=== What to work on ===
If pictures appear among the lines below, leave them out while you return exactly the lines from the one with "Free Knitting Pattern" through the one with "El vicepresidente primero, Alfredo".

═══ Records supplied ═══

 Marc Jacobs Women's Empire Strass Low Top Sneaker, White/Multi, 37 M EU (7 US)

═══
═══ Records supplied ═══

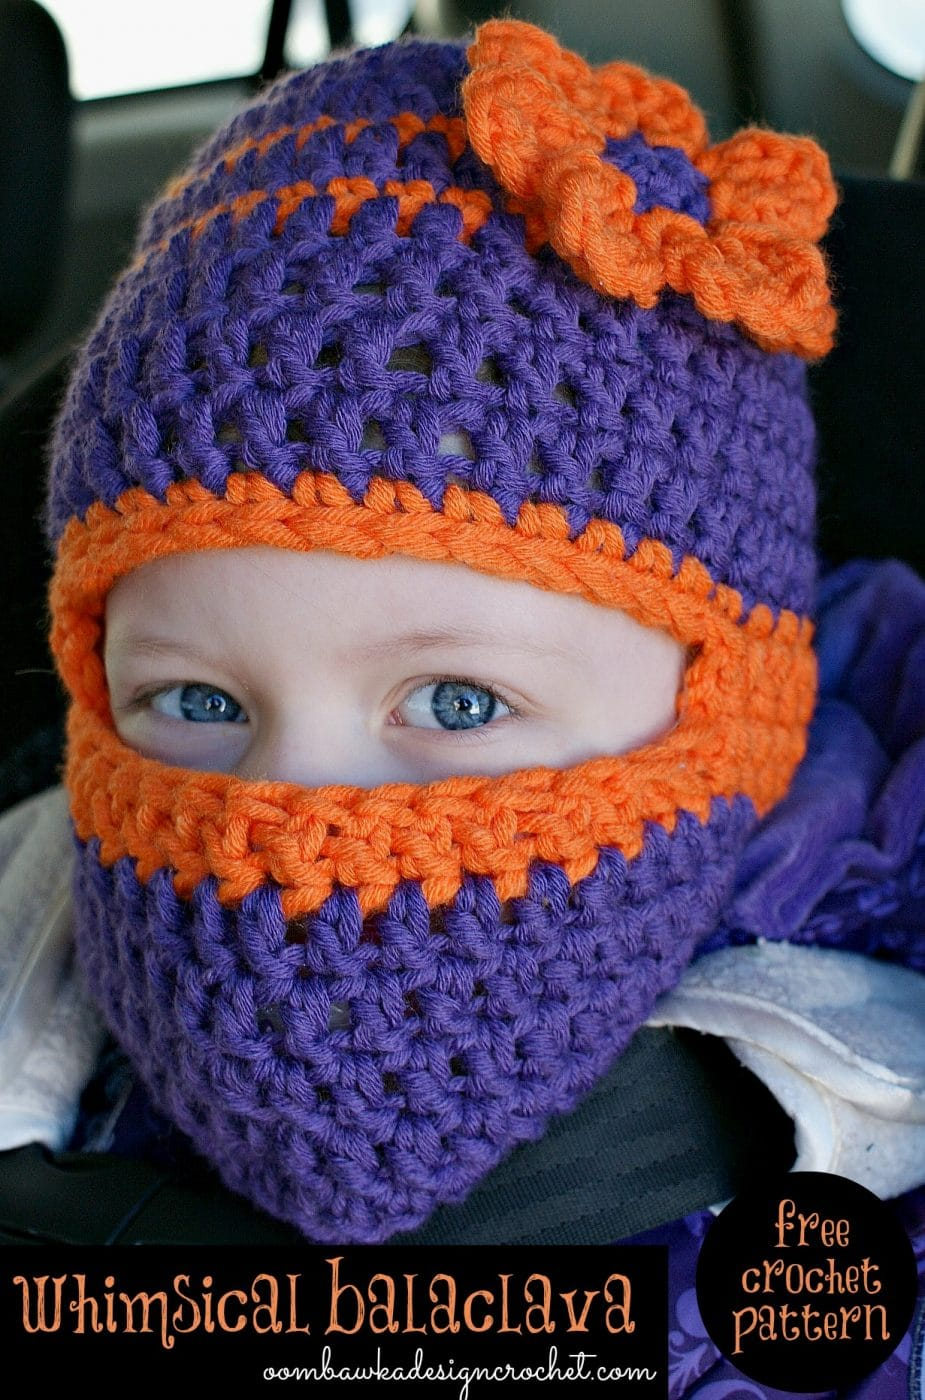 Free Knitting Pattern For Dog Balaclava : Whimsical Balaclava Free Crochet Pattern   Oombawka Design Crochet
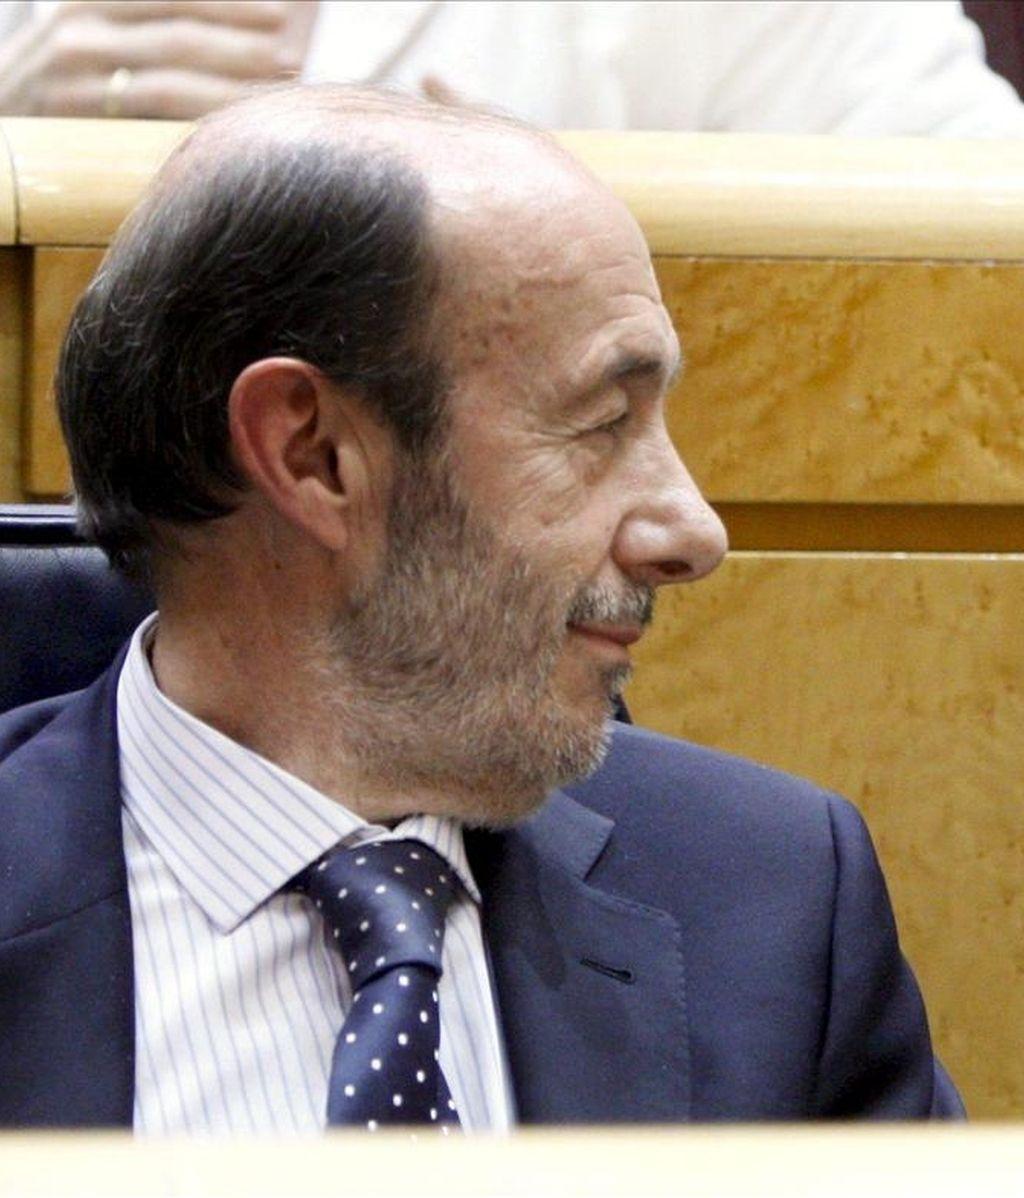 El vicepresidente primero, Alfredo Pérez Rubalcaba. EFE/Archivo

═══

=== Task solution ===
 Free Knitting Pattern For Dog Balaclava : Whimsical Balaclava Free Crochet Pattern   Oombawka Design Crochet
 El vicepresidente primero, Alfredo Pérez Rubalcaba. EFE/Archivo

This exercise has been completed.